An affinity group is a group formed around a shared interest or common goal, to which individuals formally or informally belong. Affinity groups are generally precluded from being under the aegis of any governmental agency, and their purposes must be primarily non-commercial. Examples of affinity groups include private social clubs, fraternities, writing or reading circles, hobby clubs, and groups engaged in political activism.

Some affinity groups are organized in a non-hierarchical manner, often using consensus decision making, and are frequently made up of trusted friends. They provide a method of organization that is flexible and decentralized. Other affinity groups may have a hierarchy to provide management of the group's long-term interests, or if the group is large enough to require the delegation of responsibilities to other members or staff.

Affinity groups can be based on a common social identity or ideology (e.g., anarchism, conservatism), a shared concern for a given issue (e.g., anti-nuclear, anti-abortion), a common activity, role, interest or skill (e.g., legal support, medical aid, software engineering), or shared personal identity (e.g. race/ethnicity, gender, disability, cultural interests). Affinity groups may have either open or closed membership, although the latter is far more common. Some charge membership dues or expect members to share the cost of the group's expenses.

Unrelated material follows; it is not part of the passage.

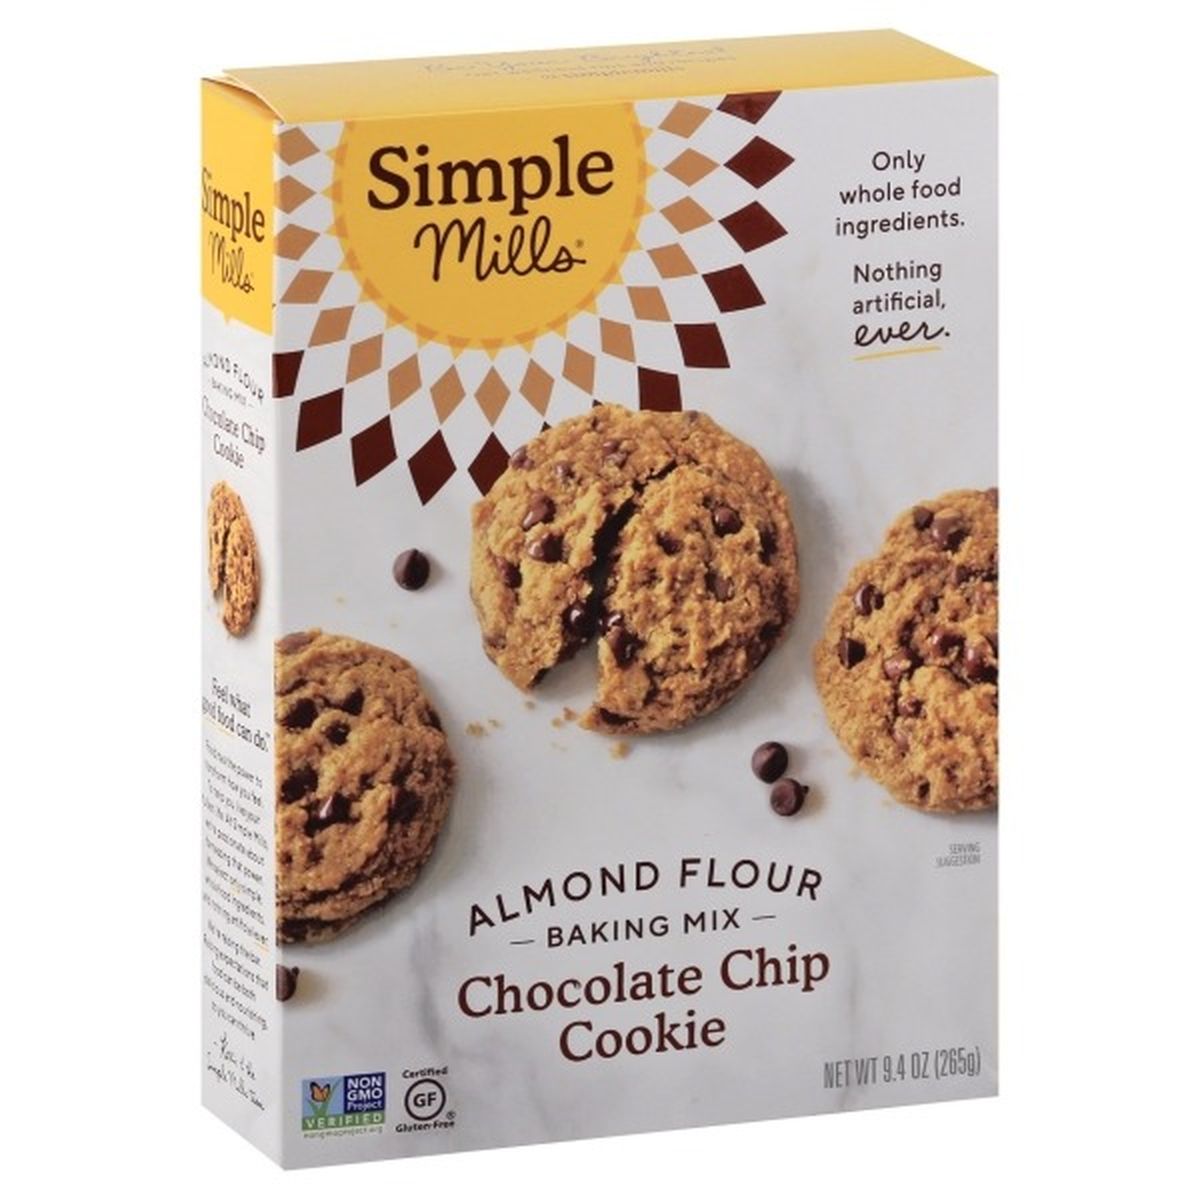 Calories in Simple Mills Baking Mix, Almond Flour, Chocolate Chip Cookie
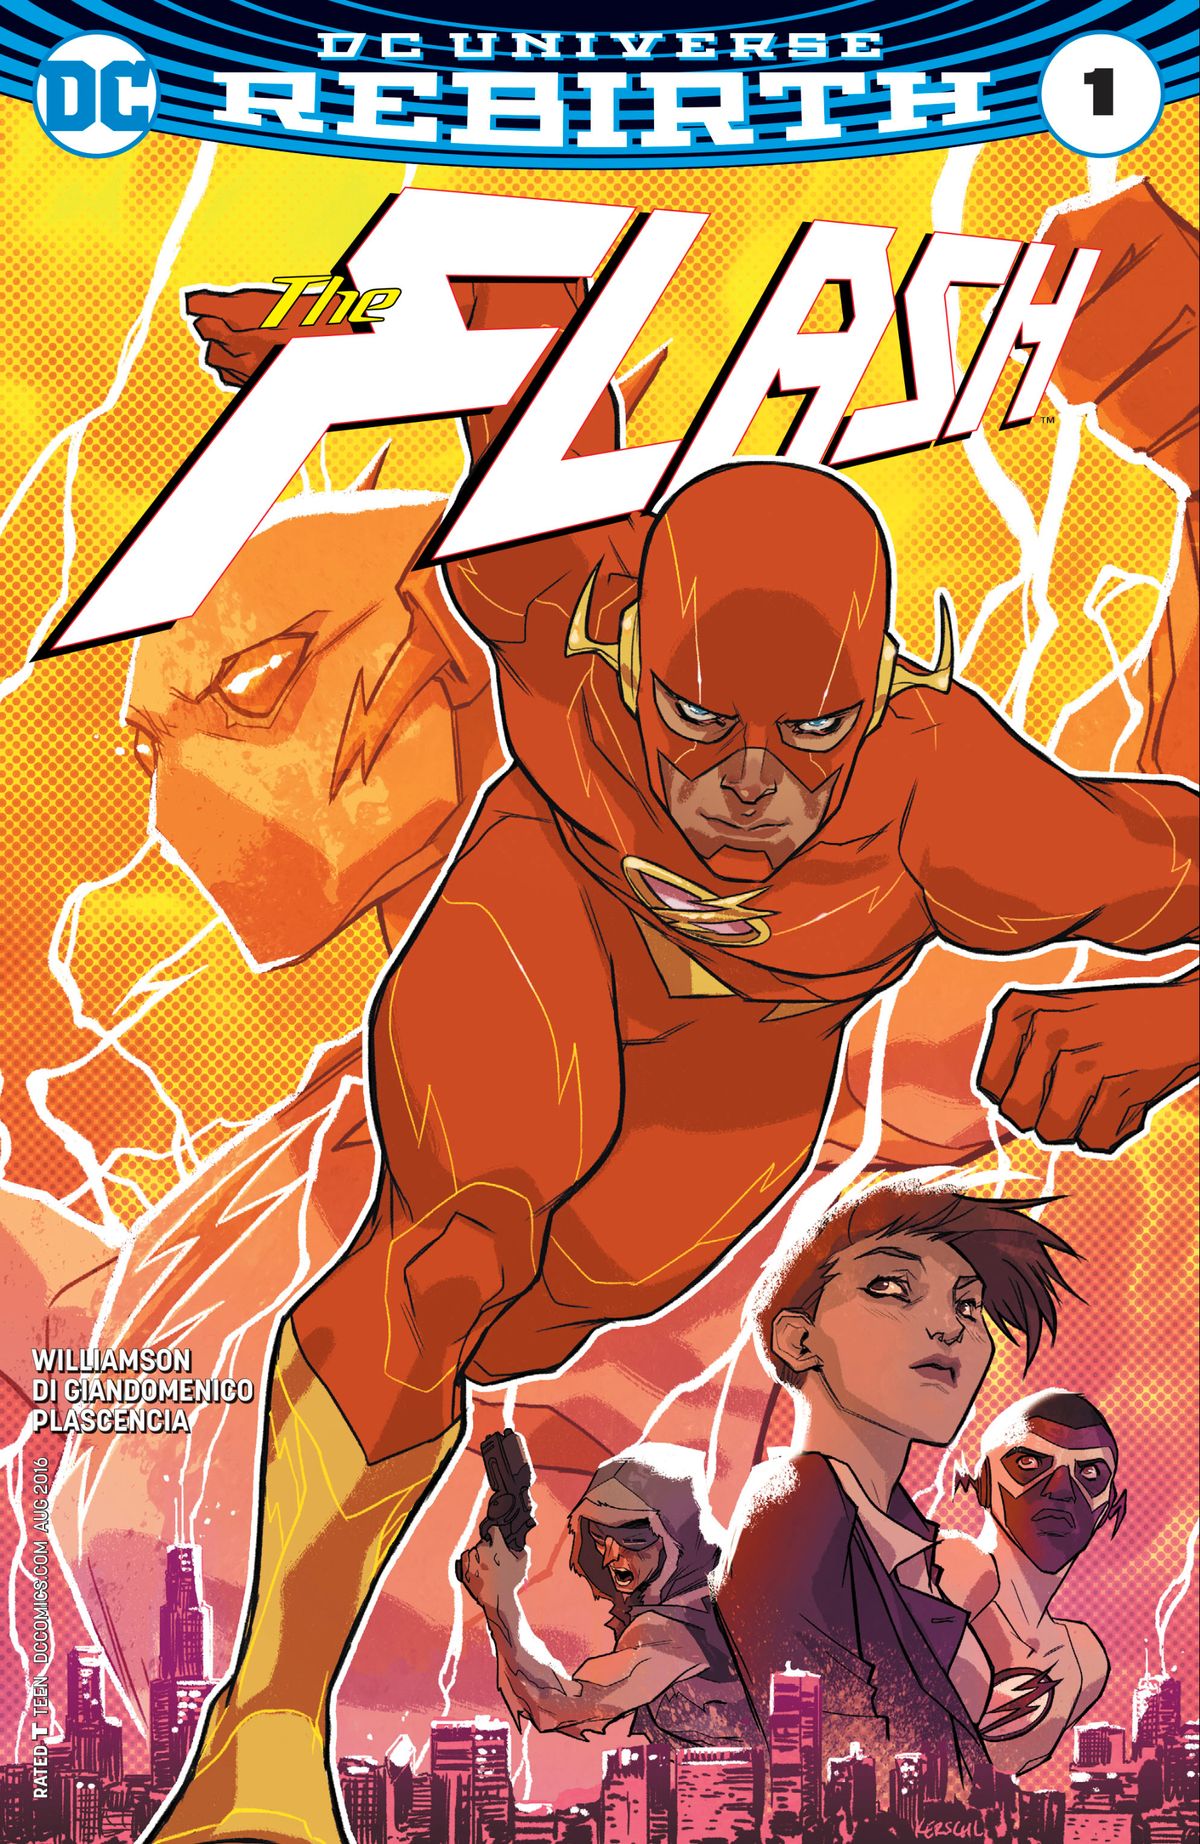 The Flash dashes through a lightning storm on the cover of The Flash #1, DC Comics (2016).

==Employee and professional affinity groups==

Affinity groups in the workplace or as part of a professional association are composed of people who share similar backgrounds or interests. In the workplace, they are also referred to as Employee Resource Groups (ERGs) that form a part of the organization diversity, equity, and inclusion efforts. Employee affinity groups are historically race- and gender-based but now also include groups that recognize affinity in age, veteran status or sexual identity. As part of a professional association, affinity group members engage in networking, mentoring, and opportunities for both professional and personal development.

==Political affinity groups==

Affinity groups engaged in political activism date to 19th century Spain. It was a favourite way of organization by Spanish anarchists (grupos de afinidad), and had their base in the tertulias or in the local groups.

Politically oriented affinity groups in the United States gained public attention during the anti-Vietnam War movement of the 1960s and 1970s. The term was first used by Ben Morea and the group Black Mask. Later, anti-war activists on college campuses organized around their hobbies or backgrounds -- religious, gender, ethnic group, etc. They became popular in the 1970s in the anti-nuclear movement in the United States and Europe. The 30,000 person occupation and blockade of the Ruhr nuclear power station in Germany in 1969 was organized on the affinity group model. Today, the structure is used by many different activists: animal rights, environmental, anti-war, and anti-globalization, to name some examples.

The 1999 protests in Seattle which shut down the WTO Ministerial Conference of 1999 included coordinated organization by many clusters of affinity groups.

==Organization==

===External===
By definition, affinity groups are autonomous from any larger body. Co-ordinated effort and co-operation amongst several affinity groups, however, is often achieved by using a loose form of confederation. Private clubs, for example, may cooperate through reciprocal agreements which allow the members of one club to use the facilities of another club in a different location. Other affinity groups, such as Rotarians or Toastmasters, may be individual units that conform to shared standards so that one may participate in another group of the same name anywhere on earth without requiring the individual to reapply for a new membership.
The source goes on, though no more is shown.